What is needed
Images are not wanted; transcribe the rest of the listing exactly.

Dataset content
┄┄┄┄┄┄┄┄┄┄┄┄┄┄┄┄┄┄┄┄

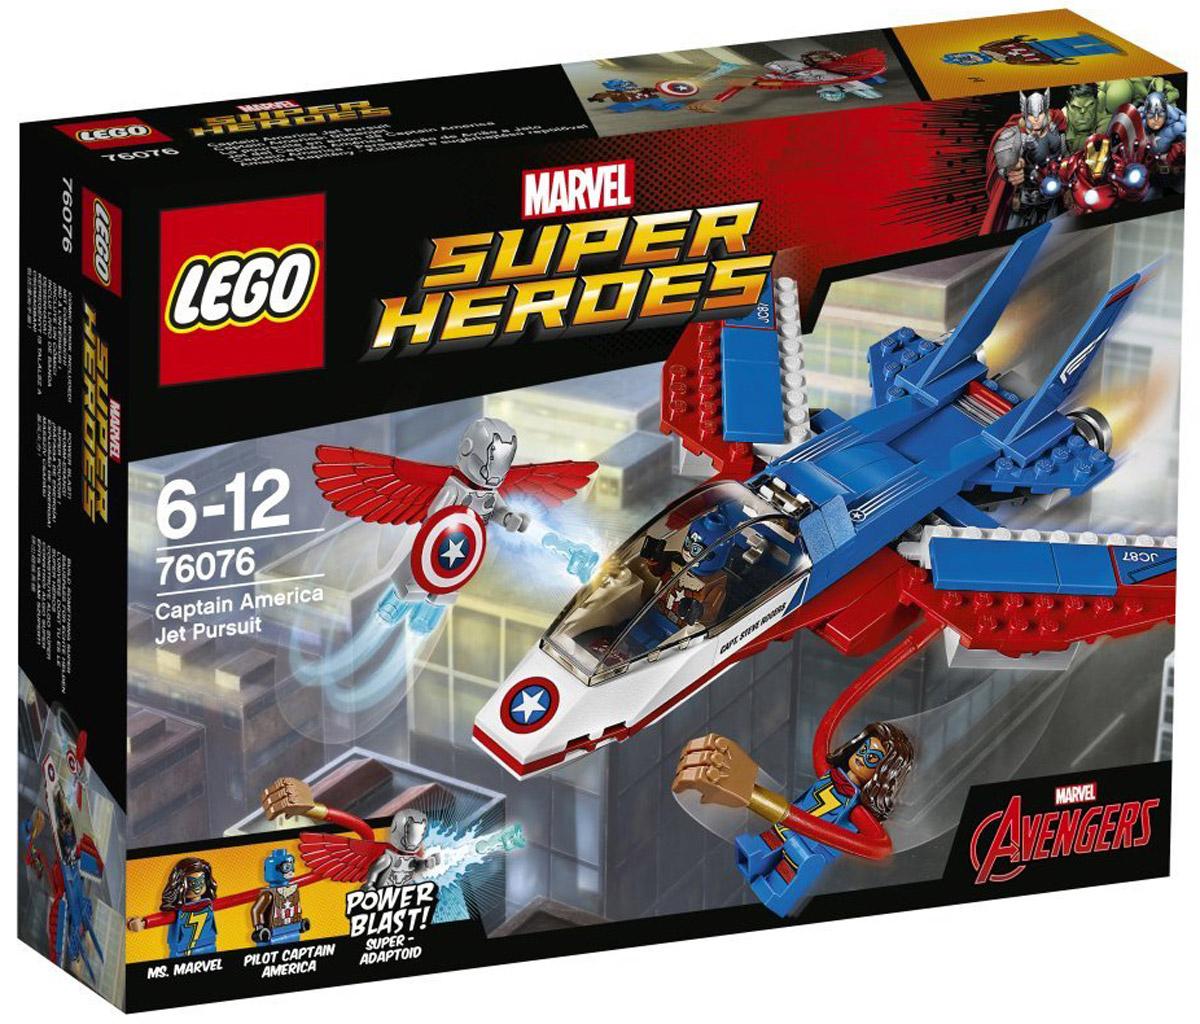 LEGO Super Heroes Конструктор Воздушная погоня Капитана Америка 76076 конструкторы lego lego воздушная погоня капитана америка 76076
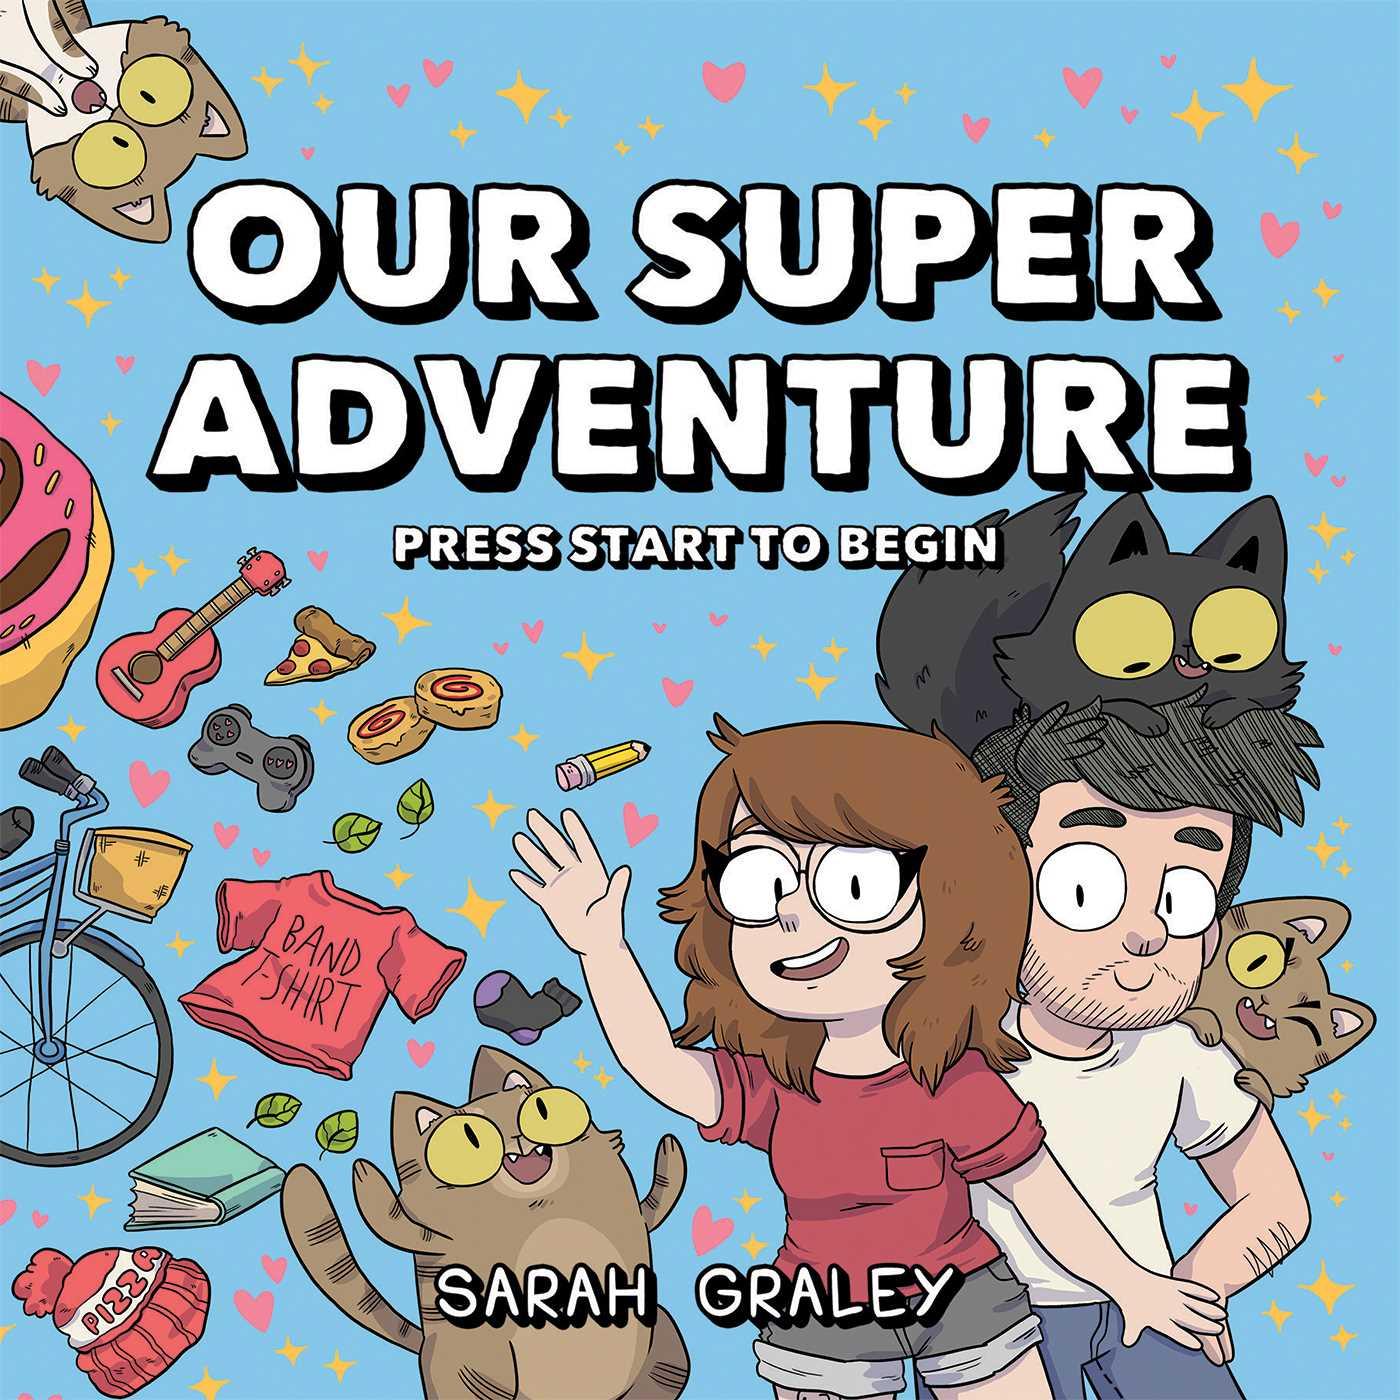 Our super adventure 9781620105825 hr
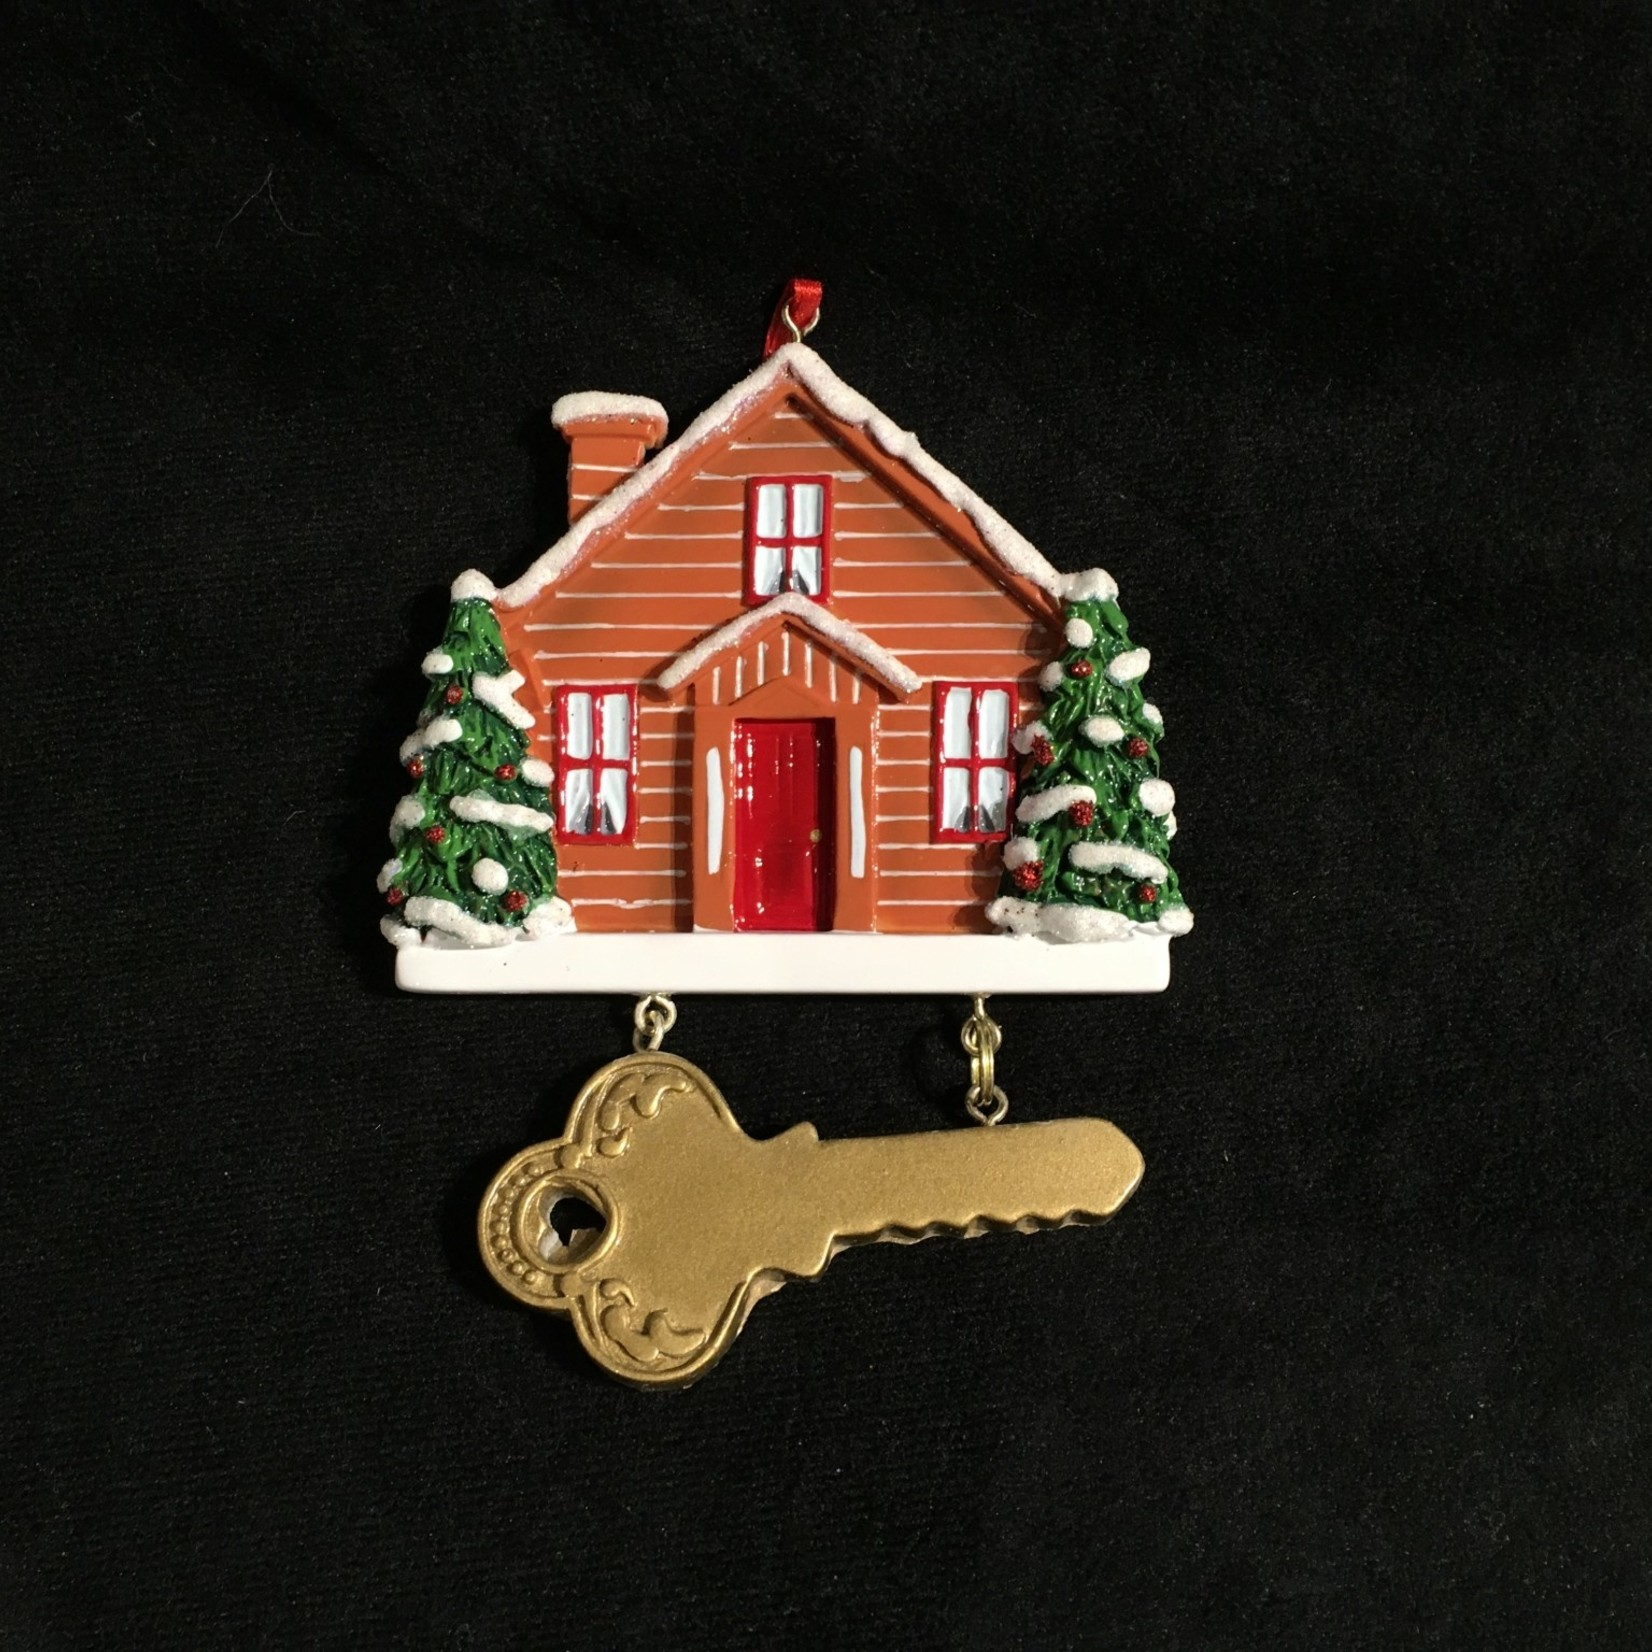 New Home w/Key Orn
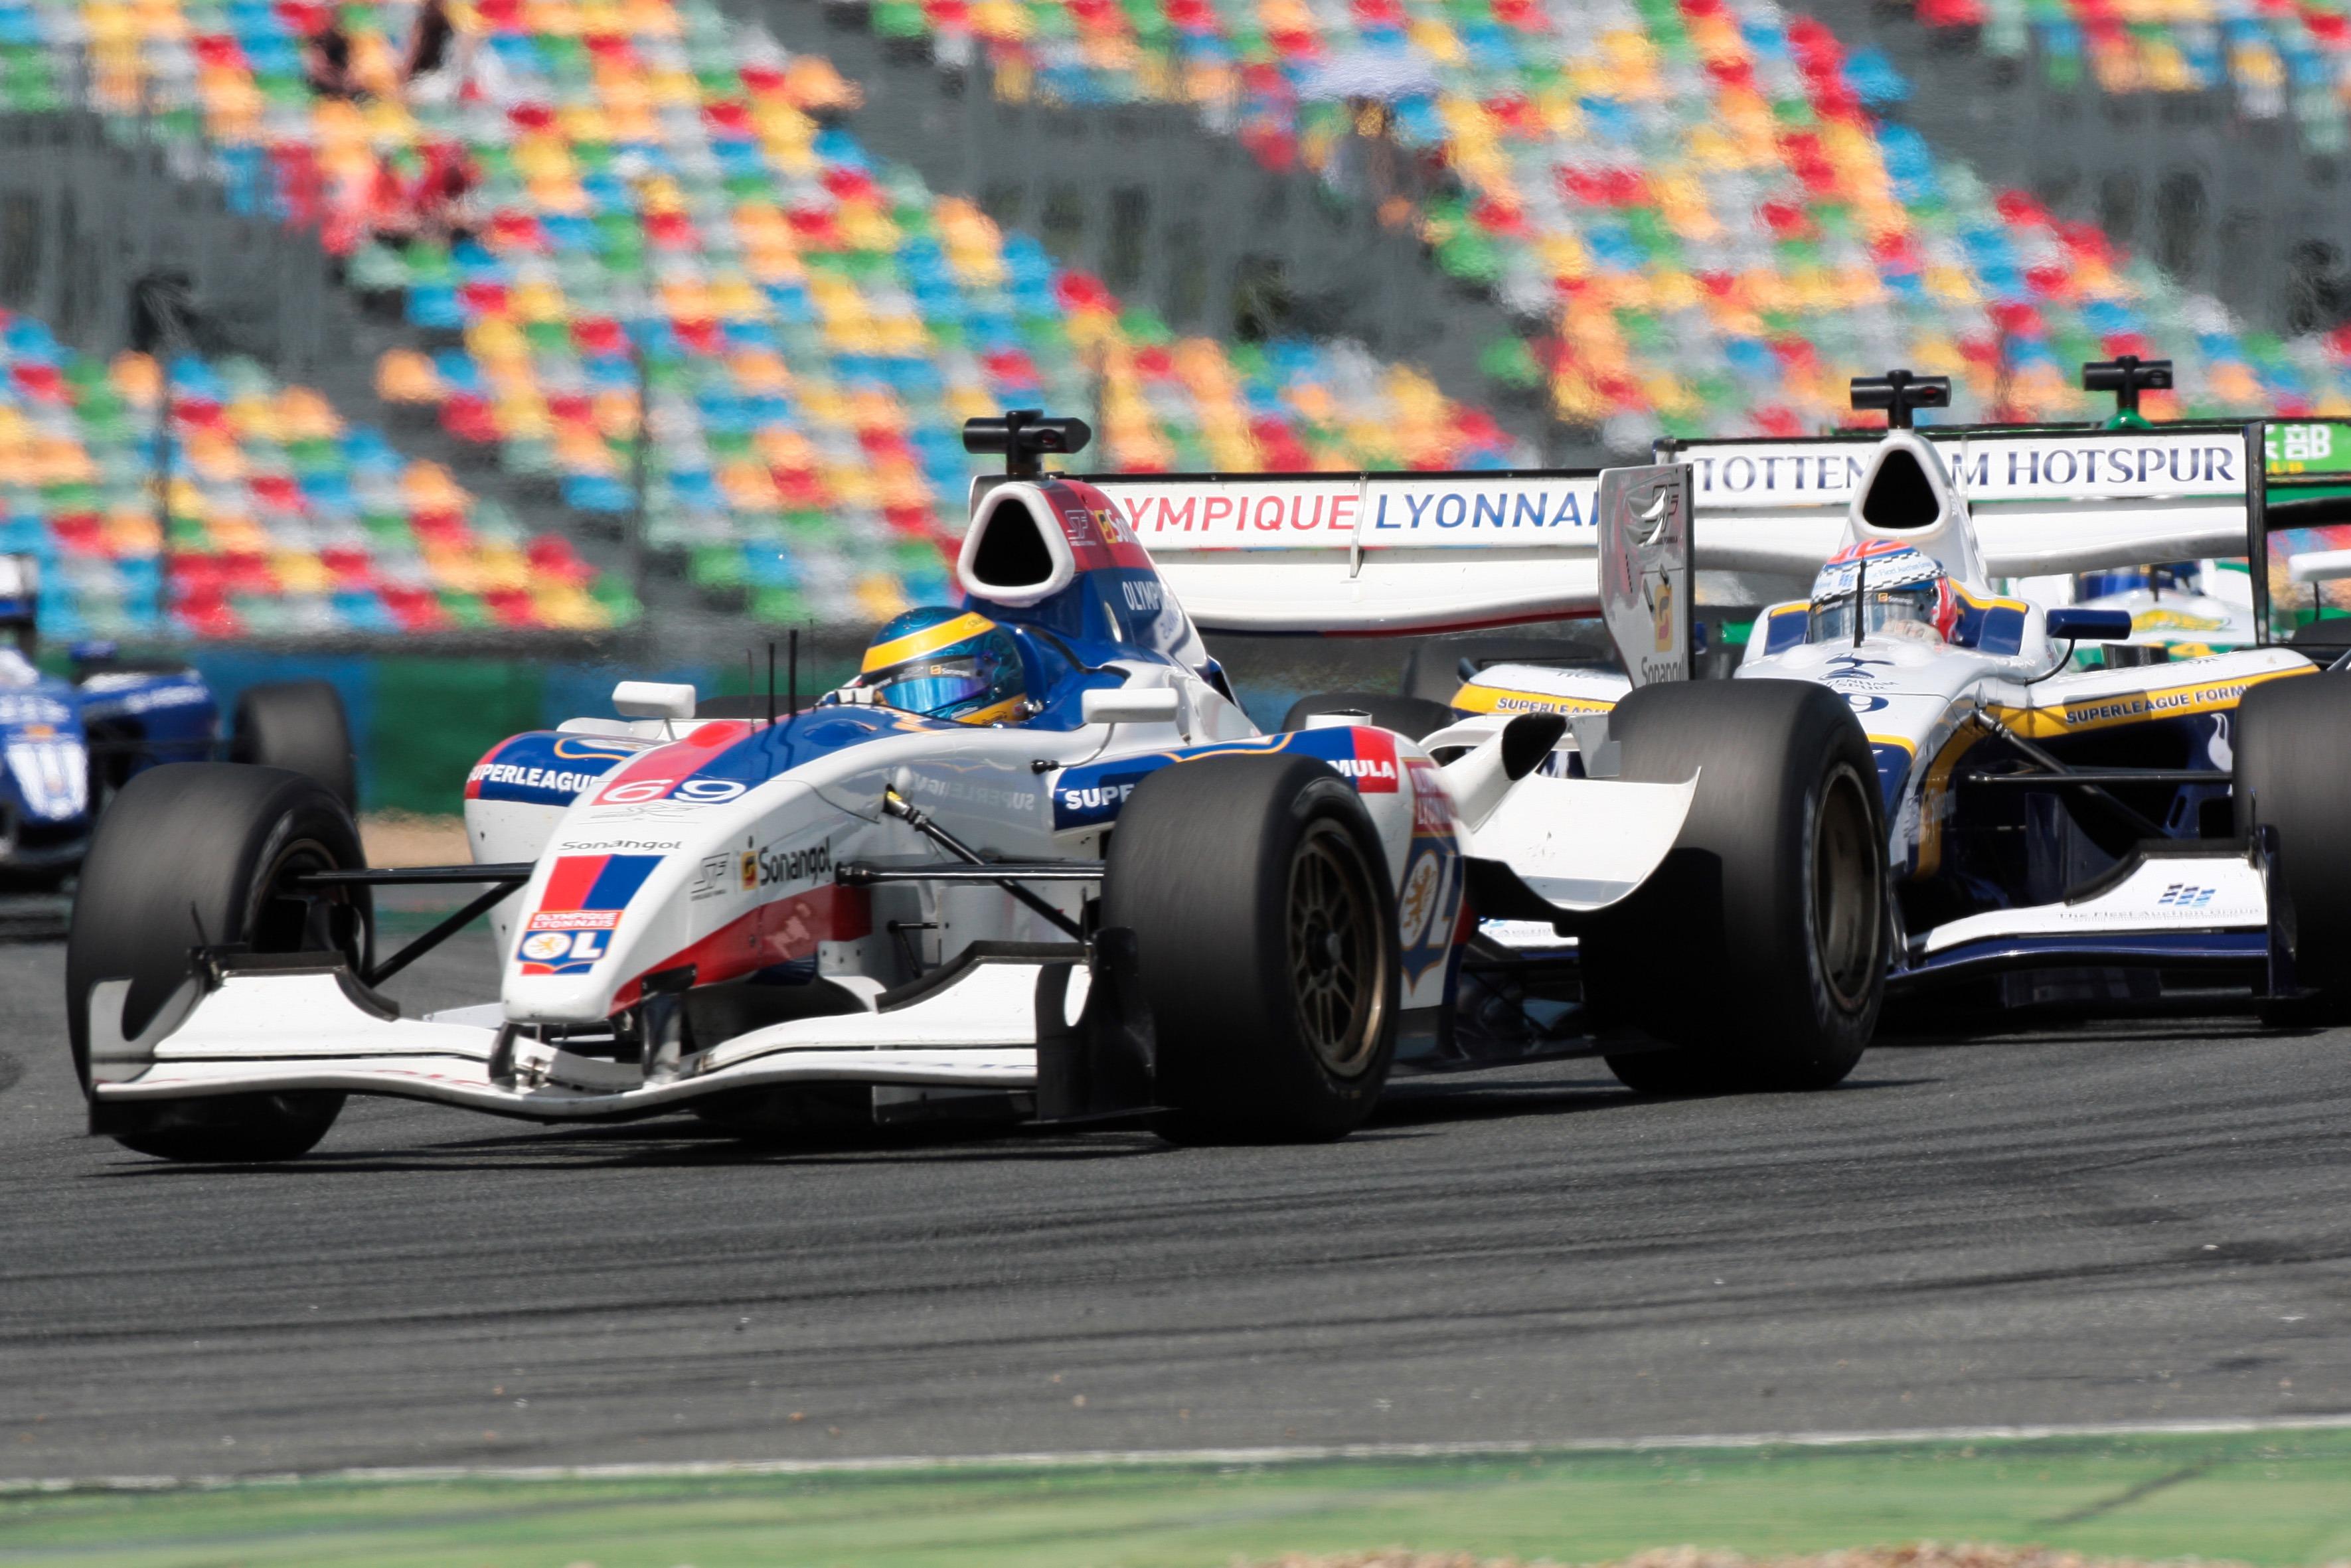 Sebastien Bourdais 2010 Superleague Formula Magny-Cours

┄┄┄┄┄┄┄┄┄┄┄┄┄┄┄┄┄┄┄┄

Exercise output
 LEGO Super Heroes Конструктор Воздушная погоня Капитана Америка 76076 конструкторы lego lego воздушная погоня капитана америка 76076
 Our super adventure 9781620105825 hr
 New Home w/Key Orn
 Sebastien Bourdais 2010 Superleague Formula Magny-Cours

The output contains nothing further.